Water filter straws were a breakthrough when LifeStraw released its first commercial model in 2005, enabling people to take a sip from a stream without fear of also consuming bacteria or parasites like giardia .
When LifeStraw straws became widely available in 2012, they were a hit with hikers and preppers. But international travelers began using them, too, in locations where the water wasn’t reliably safe to drink. Yet because they looked like pieces of camping gear, it was awkward to pull one out at restaurants.
LifeStraw just addressed that.
Its new product, LifeStraw Sip, looks like a larger version of the metal straw that’s become a common sight in recent years in response to concerns about plastic pollution . And yet it contains the company’s powerful filter.
[Photo: Lifestraw]
“The product is sort of a legend internally,” says Tara Lundy, chief brand officer at the Baltimore, Maryland-based LifeStraw. “We’ve been talking about it for so long.”
Her colleague Jean-Luc Madier, the company’s director of engineering, estimates that they’ve been working on the Sip for about six to seven years. “The key point was to shrink everything to be able to fit inside this tube without compromising the flow rate,” he says.
A narrow path
LifeStraw began making straw-like filters in the 1990s. It first released a noncommercial device made in conjunction with the Carter Center that was focused on stopping the parasitic Guinea worm. (The company donated more than one million of those filters last year.)
Today, the company, a certified B Corp since 2019, makes various filters and purifiers, along with some that take a straw form. Those plastic devices , which measure about an inch in diameter, have camping-trip vibes. The new metal Sip looks like a regular metal straw and is sleeker, measuring just half an inch across.

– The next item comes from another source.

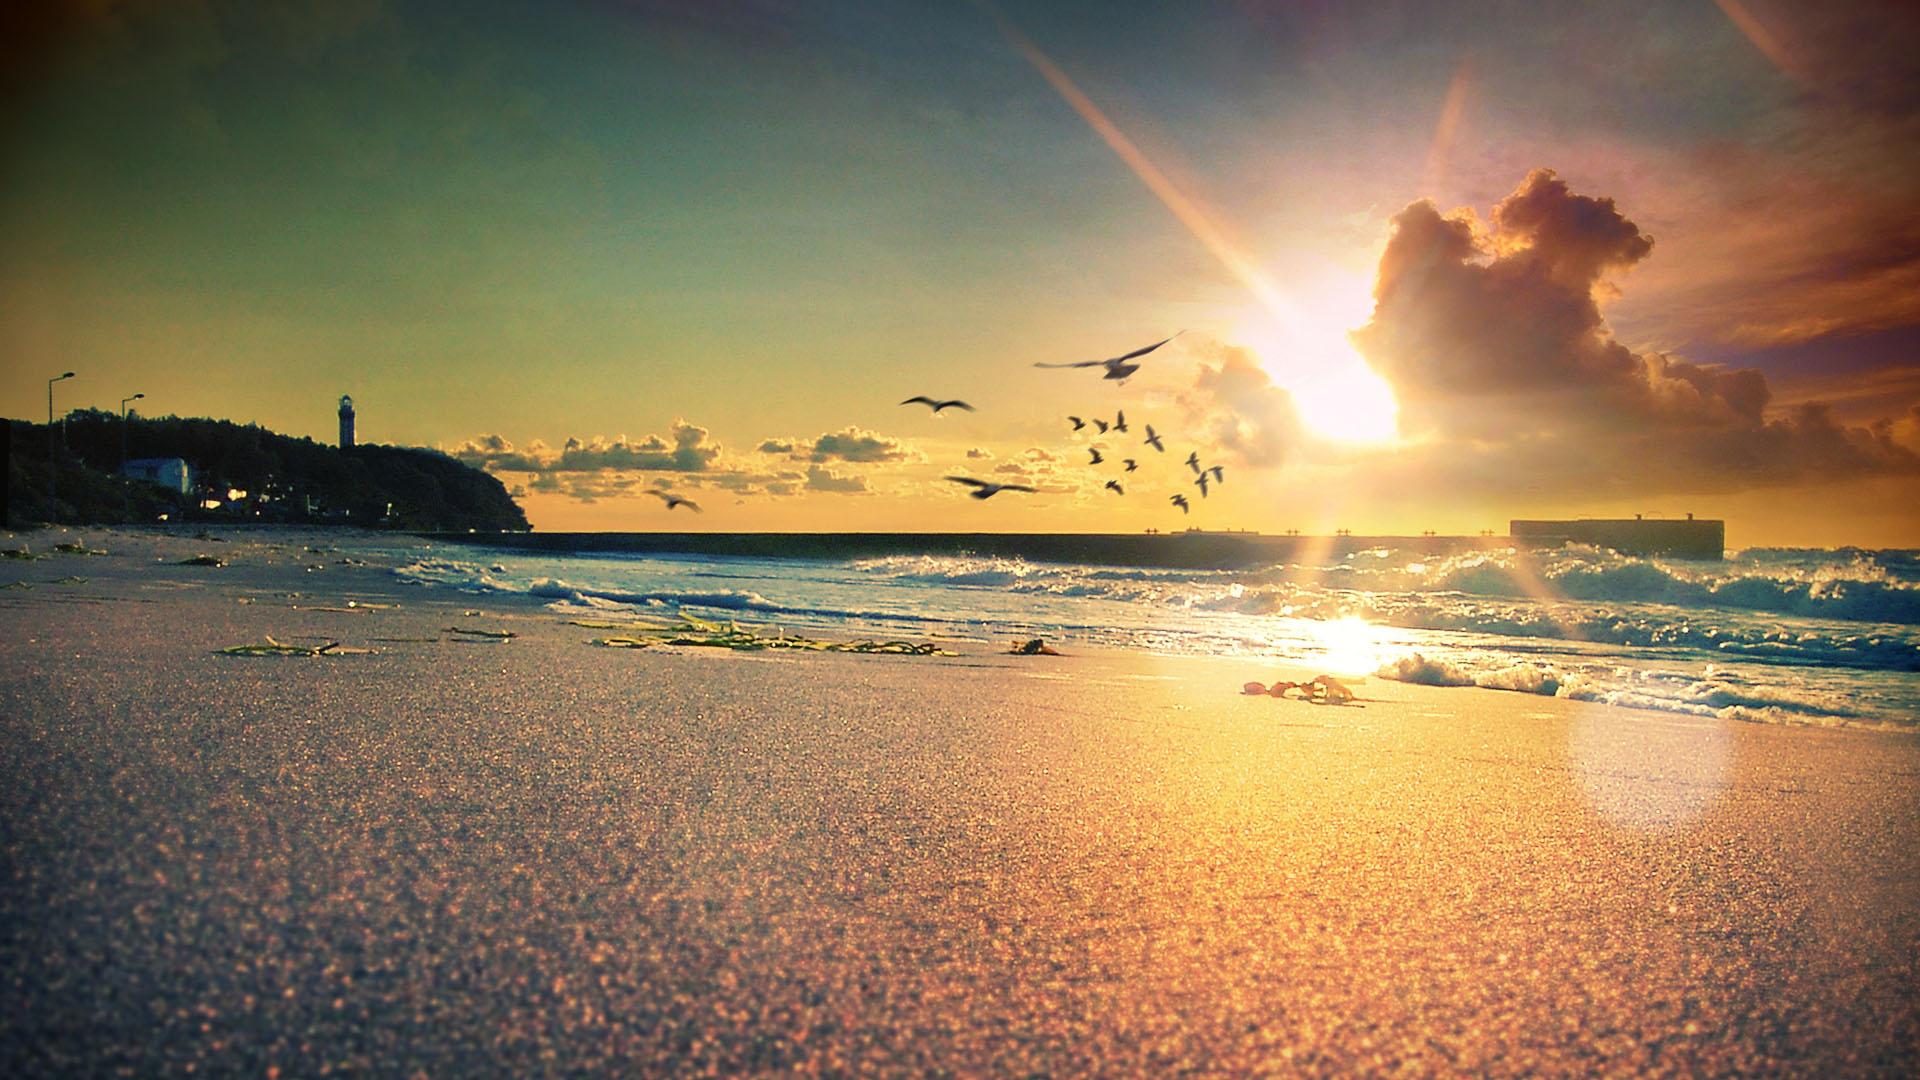 Plaża przy zachądzącym słońcu. W tle latarnia morska, latające mewy.

That’s where the challenge arose. “When you reach this size, everything has to be perfectly optimized,” Madier says. Hidden inside all of LifeStraw’s straws is a membrane made of a material called polysulfone. That membrane has tiny pores in it, measuring .2 microns in size, that physically prevent bacteria or parasites from getting through. (To filter out viruses, you need a water purifier .)
[Photo: Lifestraw]
Madier says that while developing the Sip, they had to tweak variables such as the hydrophilicity of the membrane—that’s how easily it absorbs water—and the distribution of the pores. “We had to reach the right balance between flow rate and microorganism retention.”
The result looks like the metal straw from Oxo Good Grips , just a bit thicker. And because of the membrane within it, Lundy says it has “a little stronger draw, but it feels very similar to the other straws we have.”
Now streaming
LifeStraw launched the Sip quietly in April on REI’s website and plans to launch it officially—at retailers including its own website, Amazon, and independent shops—starting May 17.
Although the company declines to share how the product is selling thus far, Lundy will say that “our head of supply chain is very stressed. Our sales team keeps upping their forecast.”
Part of the appeal for consumers seems to stem from the product’s versatility. “Traditionally, our products have been tucked in the camping section,” Lundy says, but “we’re seeing this is more of an impulse buy. This is travel. This is lifestyle.”
The straws currently cost $35 on REI’s site, or three for $90, and come with individual plastic carrying cases.